The thing is this option only concerns the dataMatrix output. Previously fillPeaks provided 0 values instead of NA I guess in the xcms object, but now with findCromPeaks when it is not able to fill the NA it leaves it as NA in the xcms object. This allows an iterative use of fillChromPeaks (which is cool), but it is a limitation for CAMERA's EIC that does not want to run if there are NA in the xcms object.

I guess we should ping the CAMERA R package developpers.

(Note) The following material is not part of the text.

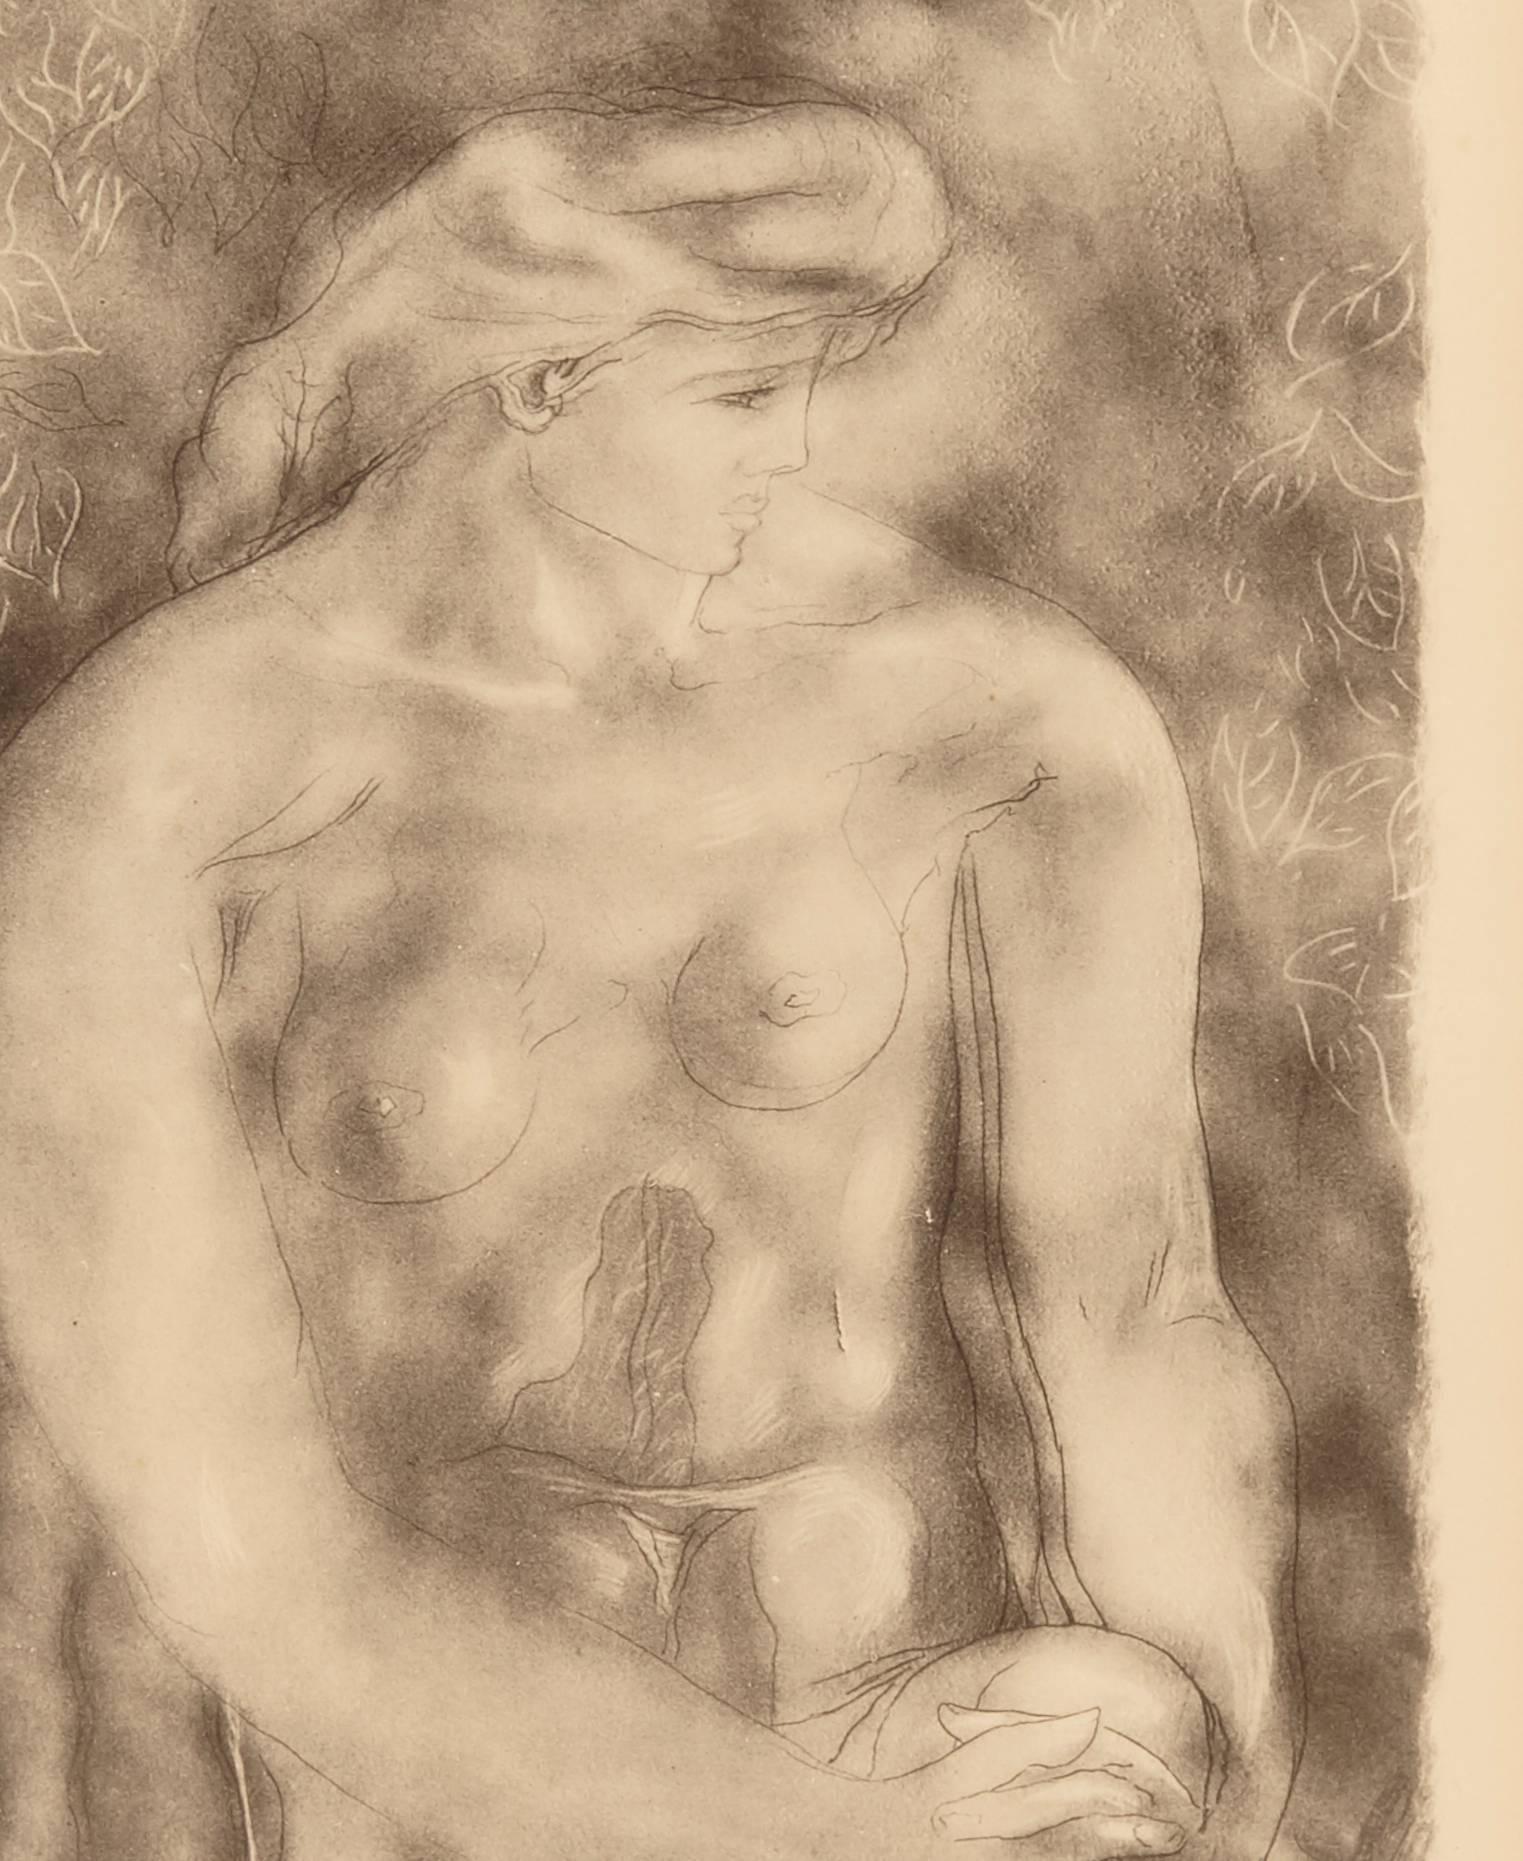 Georges Braque Nude 1957 Collotype “Nu Aux Feulles” - Art Deco Print by (after) Georges Braque

yguitton commented 1 year ago

Hi all,

A little up on that issue that seems to be link to the forum message https://community.france-bioinformatique.fr/t/probleme-creation-eic-camera/2722/2?u=yguitton

Did someone already found a way to deal with such error? Best Yann

melpetera commented 1 year ago

As the problem would be NA values, in fact there are at least two different ways to reformulate the problem:

I highlight that because maybe in the second case it would be possible to "just" add in the CAMERA Galaxy wrapper a step to convert NA to 0 in the xcms object in case the user ask for EIC? I am not very familiar with these object, but maybe it is something that could be manually replaced?